━━ Data to process ━━

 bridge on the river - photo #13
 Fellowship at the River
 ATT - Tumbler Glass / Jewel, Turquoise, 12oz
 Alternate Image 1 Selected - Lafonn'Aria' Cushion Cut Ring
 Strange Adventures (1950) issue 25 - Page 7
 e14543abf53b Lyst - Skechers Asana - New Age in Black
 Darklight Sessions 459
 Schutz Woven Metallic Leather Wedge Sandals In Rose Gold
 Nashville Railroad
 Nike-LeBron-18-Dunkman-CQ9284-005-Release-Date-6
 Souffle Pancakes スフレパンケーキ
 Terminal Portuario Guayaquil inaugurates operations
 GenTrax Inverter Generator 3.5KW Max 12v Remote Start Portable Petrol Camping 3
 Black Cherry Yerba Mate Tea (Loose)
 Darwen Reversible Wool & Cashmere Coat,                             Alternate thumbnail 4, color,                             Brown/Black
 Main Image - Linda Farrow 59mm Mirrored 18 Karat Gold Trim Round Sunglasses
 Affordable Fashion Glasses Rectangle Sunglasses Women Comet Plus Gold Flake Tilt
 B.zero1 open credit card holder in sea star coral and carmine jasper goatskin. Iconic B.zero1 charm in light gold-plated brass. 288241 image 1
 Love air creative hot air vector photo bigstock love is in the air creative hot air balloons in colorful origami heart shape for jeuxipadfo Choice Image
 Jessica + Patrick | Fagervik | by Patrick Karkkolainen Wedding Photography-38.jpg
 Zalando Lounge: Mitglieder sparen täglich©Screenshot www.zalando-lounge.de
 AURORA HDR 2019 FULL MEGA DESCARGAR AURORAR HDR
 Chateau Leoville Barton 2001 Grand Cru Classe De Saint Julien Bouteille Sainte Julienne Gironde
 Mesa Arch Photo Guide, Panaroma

━━━

Please transcribe, exactly and with nothing added, the lines from the first line of the material above through the line that contains "Darwen Reversible Wool".

* _Answer for this exercise_
 bridge on the river - photo #13
 Fellowship at the River
 ATT - Tumbler Glass / Jewel, Turquoise, 12oz
 Alternate Image 1 Selected - Lafonn'Aria' Cushion Cut Ring
 Strange Adventures (1950) issue 25 - Page 7
 e14543abf53b Lyst - Skechers Asana - New Age in Black
 Darklight Sessions 459
 Schutz Woven Metallic Leather Wedge Sandals In Rose Gold
 Nashville Railroad
 Nike-LeBron-18-Dunkman-CQ9284-005-Release-Date-6
 Souffle Pancakes スフレパンケーキ
 Terminal Portuario Guayaquil inaugurates operations
 GenTrax Inverter Generator 3.5KW Max 12v Remote Start Portable Petrol Camping 3
 Black Cherry Yerba Mate Tea (Loose)
 Darwen Reversible Wool & Cashmere Coat,                             Alternate thumbnail 4, color,                             Brown/Black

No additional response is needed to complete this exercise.